Class LinearWarmupScheduler
- Namespace
- AiDotNet.LearningRateSchedulers
- Assembly
- AiDotNet.dll
Implements linear learning rate warmup followed by constant or decay schedule.
public class LinearWarmupScheduler : LearningRateSchedulerBase, ILearningRateScheduler
- Inheritance
-
LinearWarmupScheduler
- Implements
- Inherited Members
Examples
// Warmup for 1000 steps, then linear decay over remaining 9000 steps
var scheduler = new LinearWarmupScheduler(
baseLearningRate: 0.001,
warmupSteps: 1000,
totalSteps: 10000,
decayMode: LinearWarmupScheduler.DecayMode.Linear
);
Remarks
Linear warmup gradually increases the learning rate from a small initial value to the target learning rate over a specified number of warmup steps. This is commonly used in transformer training and helps stabilize early training dynamics.
For Beginners: When training starts, the model's weights are random and can produce large, unstable gradients. Starting with a very small learning rate and gradually increasing it (warmup) helps the model stabilize before moving to the full learning rate. Think of it like warming up an engine before driving at full speed.

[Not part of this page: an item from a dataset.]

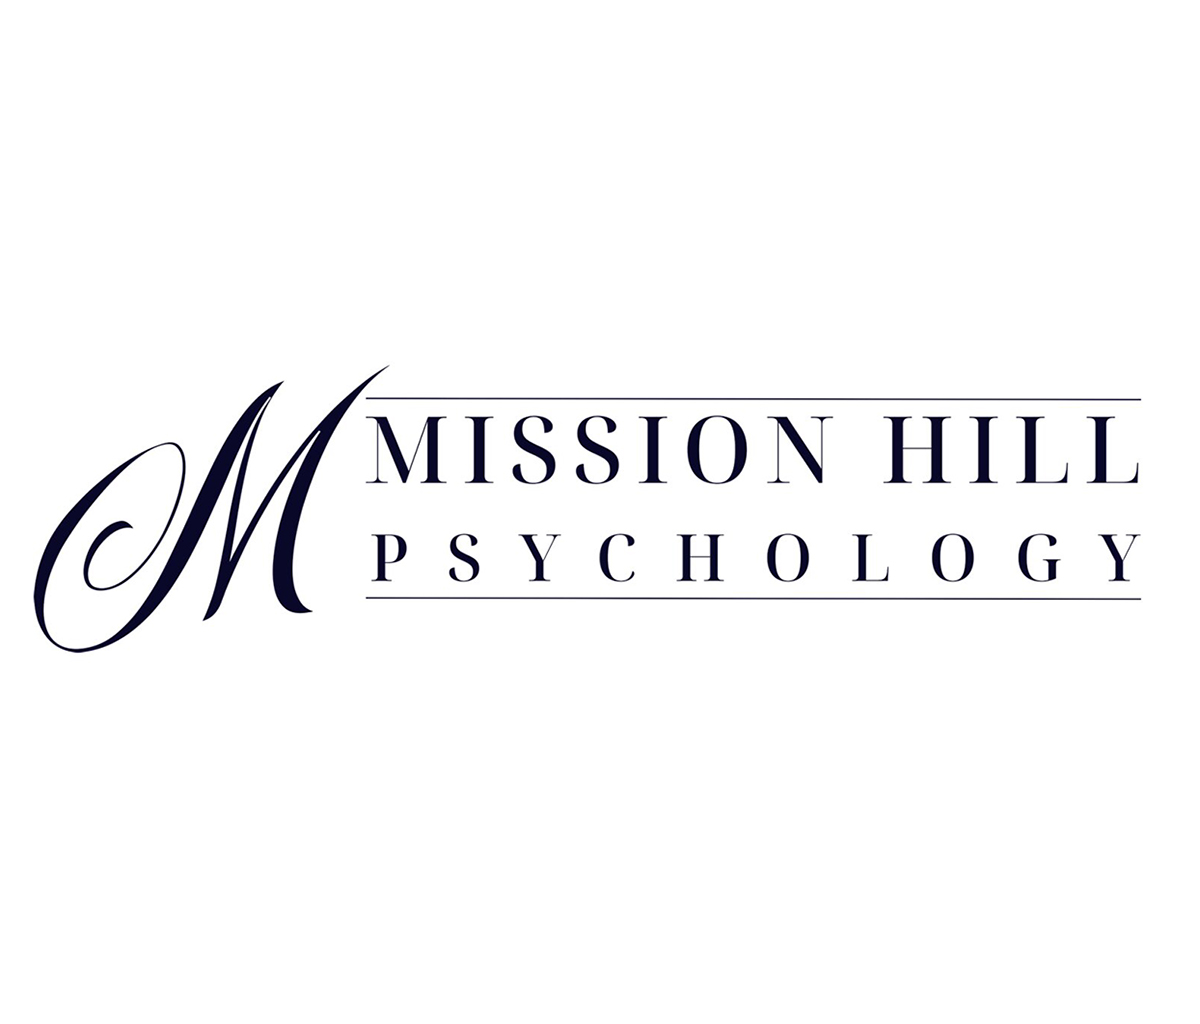 Best Burnout Treatment and Mental Health Care | Mission Hill
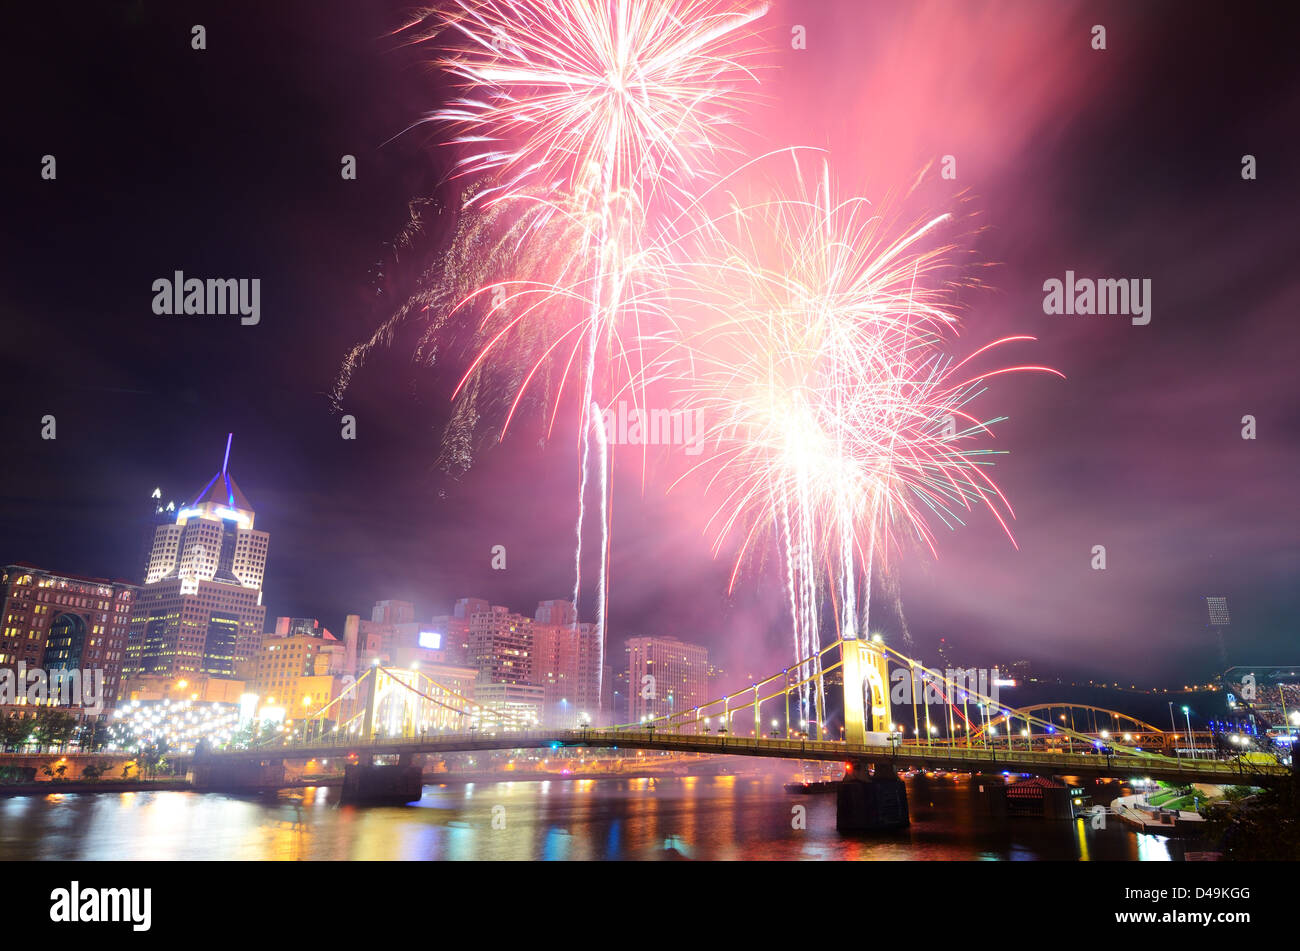 Fireworks on the Allegheny river in downtown Pittsburgh, Pennsylvania, USA. Stock Photo

This scheduler supports three modes after warmup: - Constant: Keep the base learning rate after warmup - Linear decay: Linearly decrease to a minimum value - Cosine decay: Use cosine annealing to decrease to a minimum value
Constructors
LinearWarmupScheduler(double, int, int, double, DecayMode?, double)
Initializes a new instance of the LinearWarmupScheduler class.
public LinearWarmupScheduler(double baseLearningRate, int warmupSteps, int totalSteps = 0, double warmupInitLr = 0, LinearWarmupScheduler.DecayMode? decayMode = null, double endLr = 0)
Parameters
baseLearningRatedoubleThe target learning rate after warmup.
warmupStepsintNumber of warmup steps.
totalStepsintTotal number of training steps (required for decay modes).
warmupInitLrdoubleInitial learning rate at start of warmup. Default: 0
decayModeLinearWarmupScheduler.DecayMode?Decay mode after warmup. When null, automatically selects Linear decay if endLr differs from baseLearningRate, otherwise uses Constant. Default: null (auto-detect)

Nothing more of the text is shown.